Manatees are Weird

Guybrush seems to keep putting himself in worse and worse situations.  At the end of the last episode, he managed to be eaten by a giant manatee, and now he has to find his way out and remedy the Pox problem.  It seems a little strange that as this game progresses, each episode just gets a little better, and stranger, than the last.

Monkey Island is the current revival of the long dead PC adventure game series in a newly designed updated format.  This doesn’t just have to do with the graphics or the usability of the interface that most adventure games have experienced over the last 10 years, but also with its episodic delivery format.  Each month a new episode comes out, delivering another chunk of Guybrush’s story and several more hours of gameplay.  Up to this point in the series, every single episode has been delivered on time and with an amazingly self-aware sense of humor.

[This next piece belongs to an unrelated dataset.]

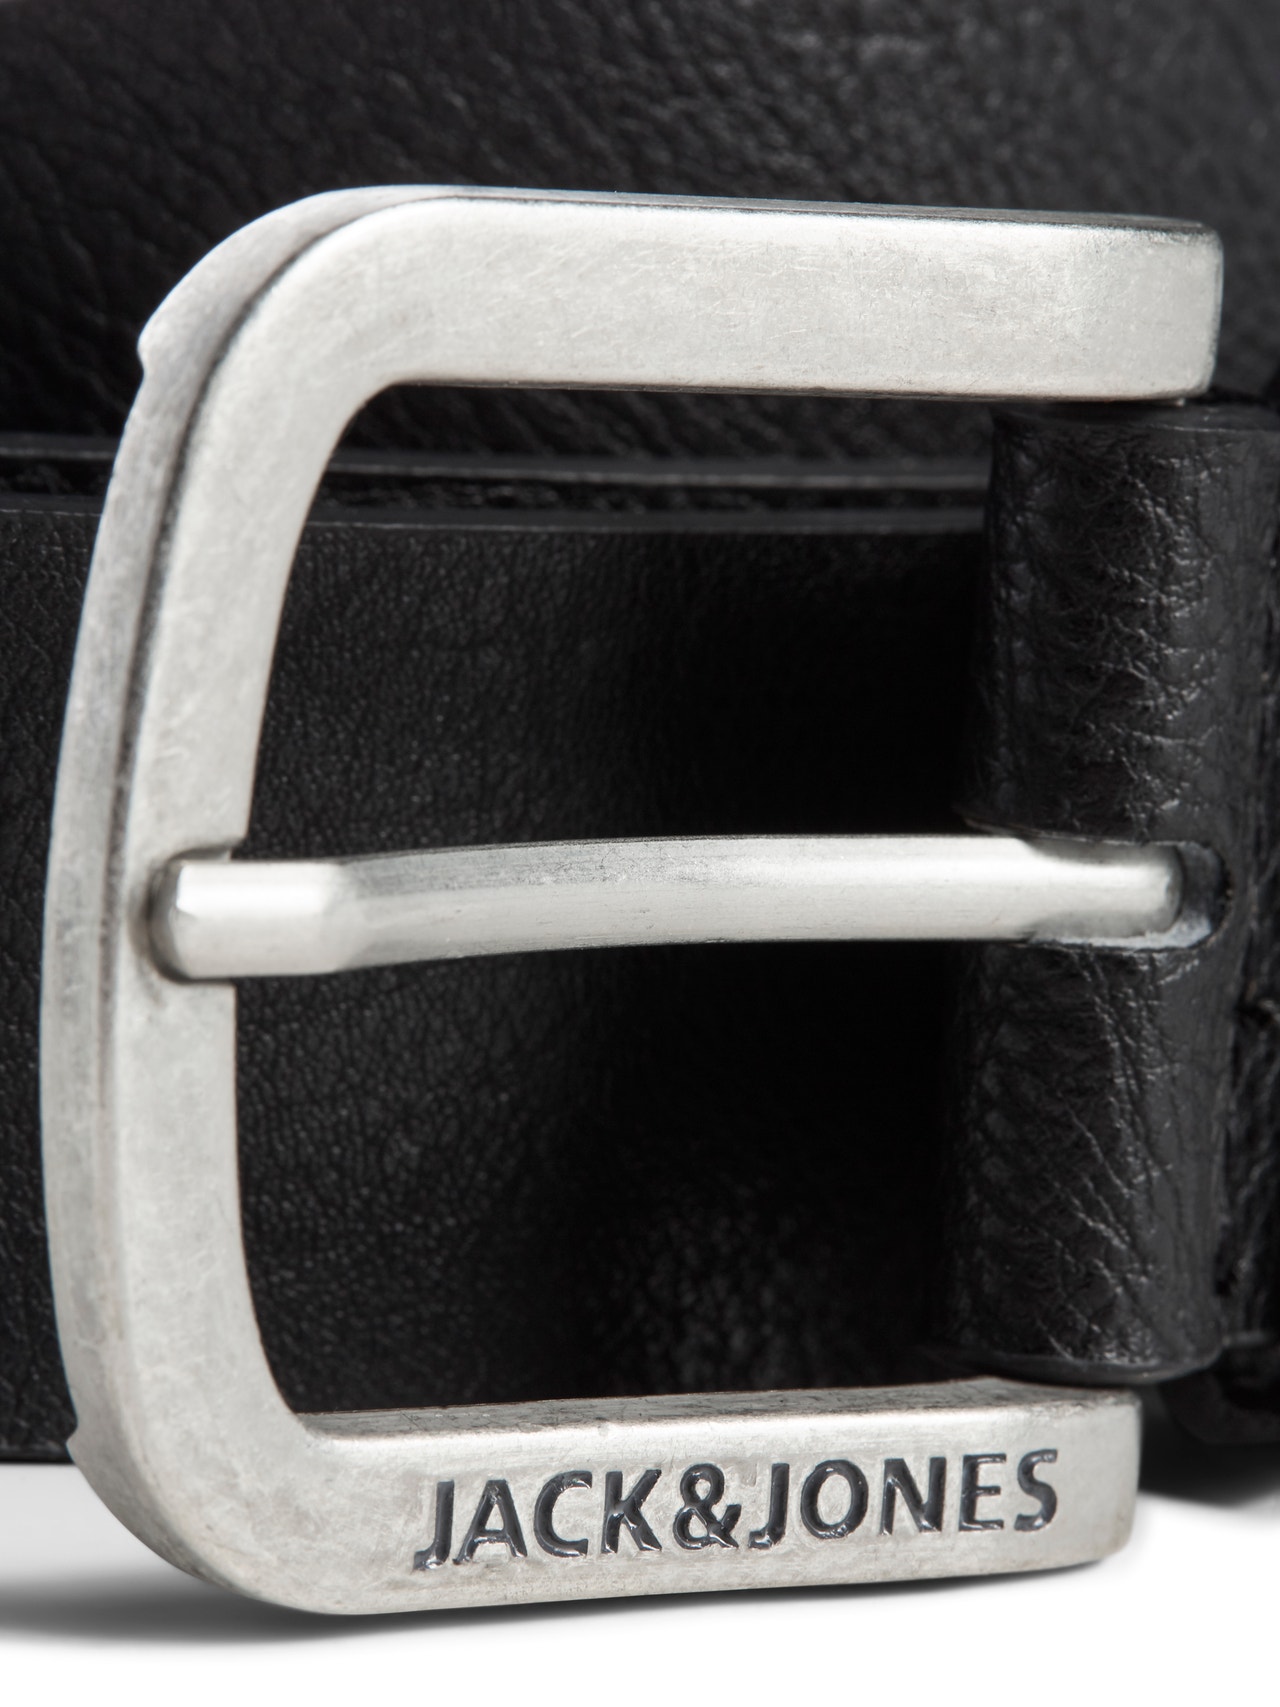 Jack & Jones Läderimitation Bälte -Black - 12120697

The game allows the player to move around the environment with the WASD or arrow keys, as opposed to most adventure games that require a click to send the character towards an object.  This is an amazing advancement that smoothes out the flow of the game and stops Guybrush from feeling like he exists in the environment instead of being jerked around like a bad marionette.  While Telltale has used this before in some of their other adventure games, it still doesn’t seem like many other adventure games have caught on to this interface.

One of the other clever things that Telltale manages to do in almost all of their adventure games is have an integrated hint system that spouts out clearer and clearer hints the longer that a player is stuck on any given puzzle.  While this does take away the need to ever really break the experience of the game and look up the always supplied official walkthrough, it isn’t always amazingly wonderful in the ways of what should be done next.  The game seems to latch onto the closest puzzle in the game and suggest that the player solve that one, instead of ones that might be the most useful for progression at that moment.

The game returns with the same stylized graphics that have been in the last two Monkey Island games, and don’t really seem to have any massive improvements.  Although there really isn’t anything to complain about because the game does an amazing job at displaying the cartoony feel of the world and giving everything a good sense of place and texture.  The game does manage to do a great job of displaying everything at a rather low screen resolution, and sadly it still doesn’t improve that drastically when turned up. 

While this is probably the one example in recent memory that had a very small, mainly returning cast of characters in the Telltale episodic series of games, they all managed to do a wonderful job with the roles that they were given.  It seems like every single month the person that does the voice of Guybrush falls deeper into his character and makes every line more and more enjoyable.  The other actors in the game are also spot-on, but it seems that Guybrush managed to steal the show with an amazing performance.

The game itself needs to be bought all at once, which seems to be a little odd considering the delivery method of the game.  Although the more that time moves forward, the more that this starts to make sense as every single episode takes place directly after the last.  If someone were to jump into this episode, it would be entirely confusing for them, also most of the play mechanics aren’t given to be explained either making it a bad spot to jump in.  That doesn’t mean that this game isn’t worth the entire season’s asking price, because it is. 

The third episode in this series does an amazing job of proving that this game is a must have for anyone that can run it.  If you are reading this article and have a computer that is capable of running almost any video game from the last three years you owe it to yourself to go out and purchase this game.  This game, or that, this series is worth it.